Despite this rather far-fetched quality, the idea was interesting though it must be questioned how much the writer knew about the psychology of adultery as it was treated superficially with Erica writing her number on a piece of paper to leave in the hotel room, ready to meet whoever replies. Indeed, where sexual tension ought to have existed between Erica and Sam (played by Illias Thoms) as they met for a casual night’s romp, there was a clear lack of direction as the pair stood awkwardly facing the audience.
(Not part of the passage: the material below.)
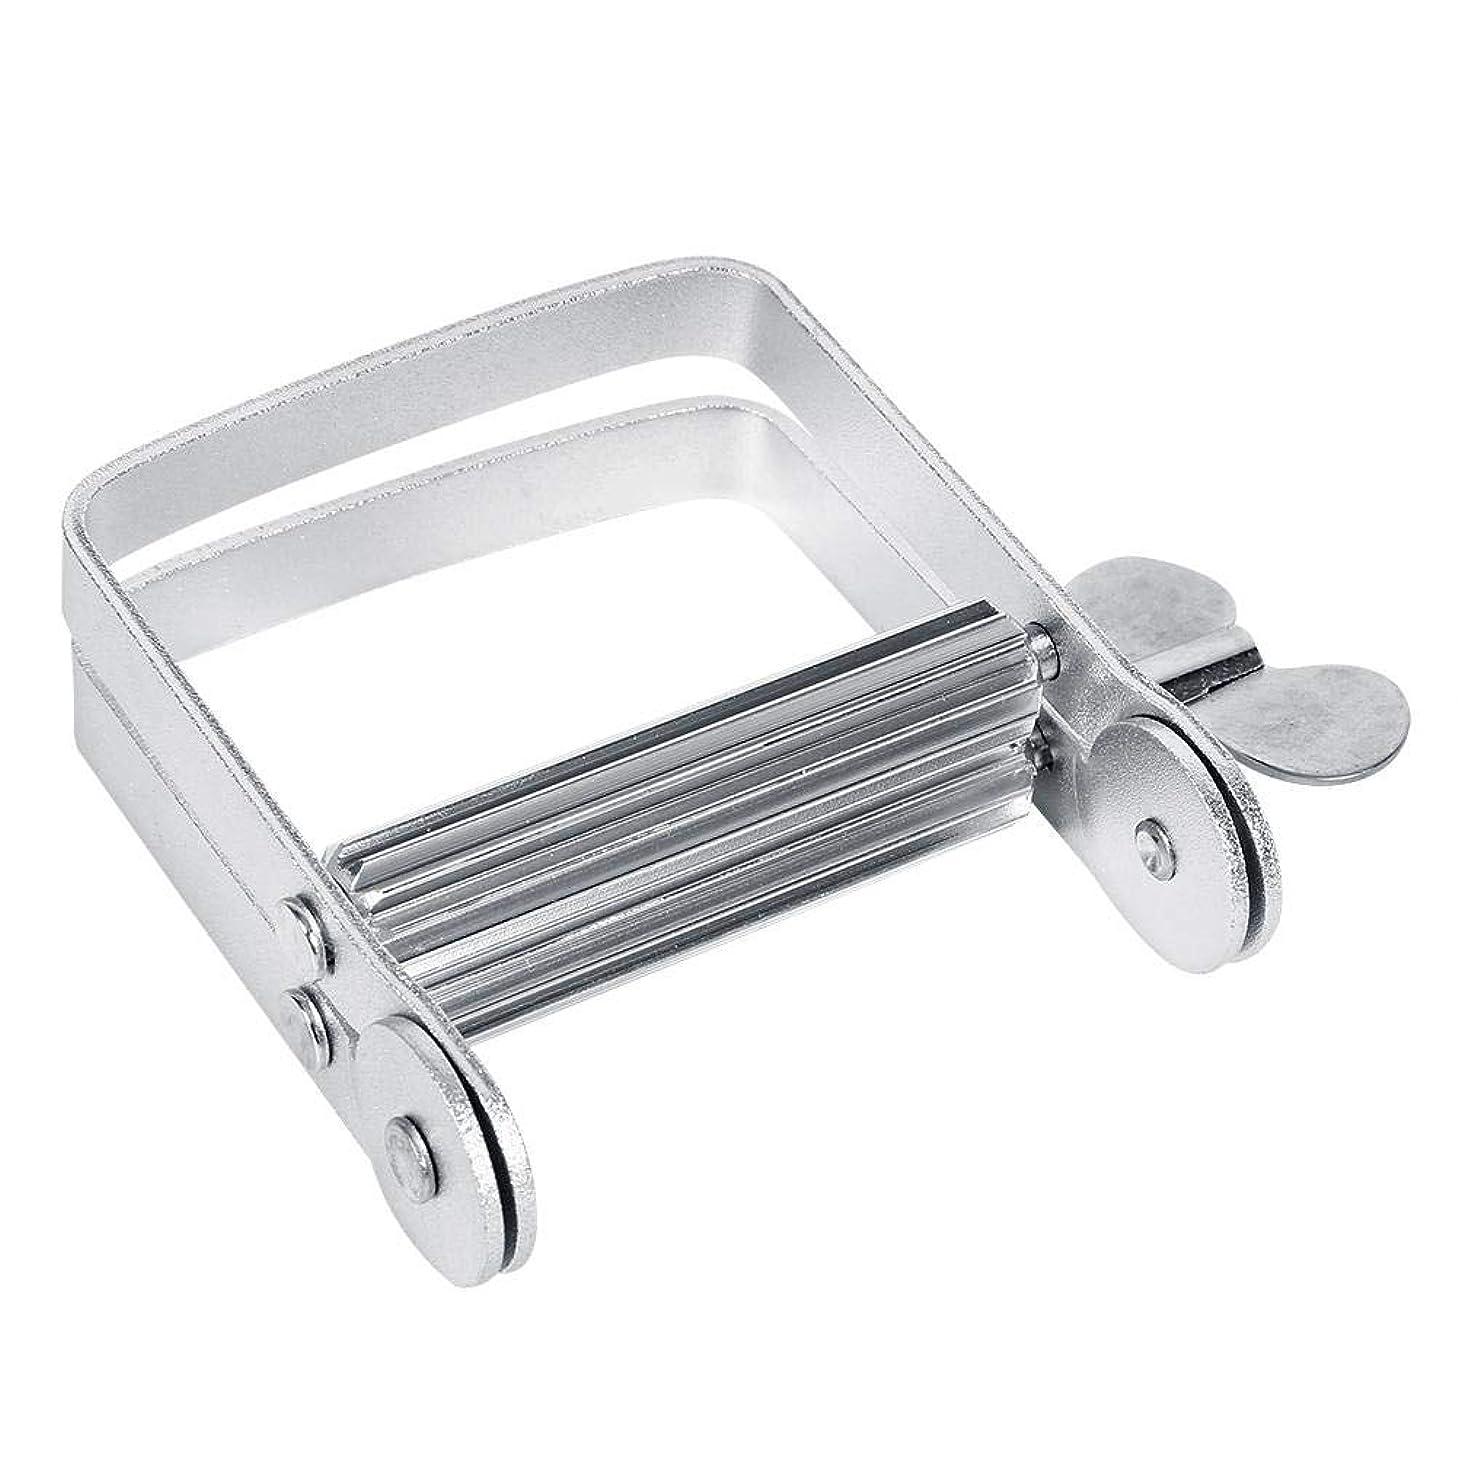 バーゲン私フランクワースリーチューブ絞り器 チューブリンガー 軟膏押出器 アルミ製 歯磨き粉 絵の具 接着剤 洗面道具 便利 人気 シルバー

The sparse use of lighting and sound perhaps fitted with the anonymity of a hotel environment, a device which was made the most of in scene changes as the maid (Lydia Hehir) came and cleaned the room, preparing it for the next couple in a method that was both fitting and intelligent. However, the attempt at moral comment with which the play ended in which the maid and her husband walked away together, hand in hand, despairing of the characters who have visited the room seemed somewhat contrived though perhaps within the limited time allowed the performance provided an adequate ending.

Characters were well played with a good performance by Megan Birch as the family orientated, nervous prostitute Harriet with some of the other female parts being liable to fall flat at times.

Overall, ‘Room 253’ was an interesting performance though one which could make the most of further development of plot and allow the space for characters to really be substantially developed.